Strategic Human Resource Management Literature Emphasizes The Potential Of Pay To Secure Strategically Desirable: Strategic Human Resource Management Assignment, NUI, Ireland
University | National University of Ireland (NUI) |
Subject | Strategic Human Resource Management |
Abstract
Strategic human resource management literature emphasizes the potential of pay to secure strategically desirable employee outcomes for the employer. Strategic pay, in contrast with pluralist models of pay determination, assumes an absence of collective bargaining constraints. This article analyses the process of determination of non-unionized managerial, professional and technical pay in seven leading consumer goods firms that claim to use pay as a strategic tool. It demonstrates that implemented pay practice is often remote from what is aspired to strategically.
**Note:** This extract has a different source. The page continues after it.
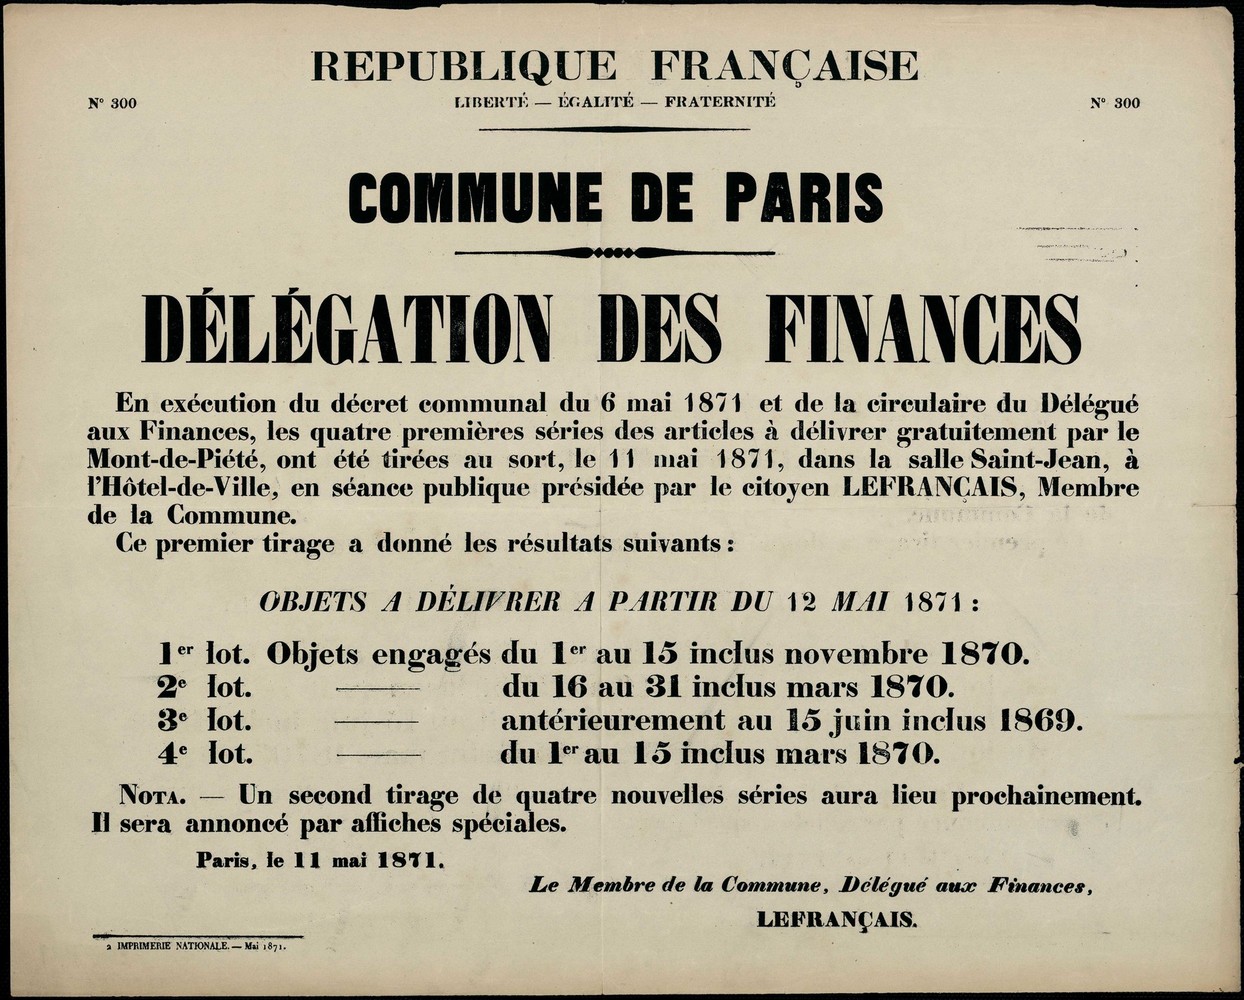 Affiche de la Commune de Paris N° 300 du 11 mai 1871 - Mont-de-Piété (Source : argonnaute.parisnanterre.fr)

Despite the absence of collective bargaining constraints, there remain unavoidable obstacles to the ability of management to implement pay systems aligned to strategic goals. These constraints impose fundamental limitations on the use of pay as a strategic tool.
Introduction
Pay is the single largest operating cost for most organizations. More than envisaging pay as merely the cost of hiring labor, however, strategic human resource (HR) management literature emphasizes its potential to secure strategically desirable employee outcomes for the employer. Strategic pay refers to the main financial measures, including base pay, incentives, and benefits, and excluding non-financial pay measures such as career progression and personal development, through which organizations seek to secure employee outcomes of strategic value, including enhanced performance and other desirable behavior (Huselid 1995; Lawler 1990). There is evidence that in large private sector firms especially, firms are attempting to use pay strategically following the decline of collective bargaining as the dominant mode of pay determination (Chartered Institute of Personnel and Development 2007; Cully et al. 1999: 232; Kersley et al. 2006: 193; Watson Wyatt Worldwide 2007).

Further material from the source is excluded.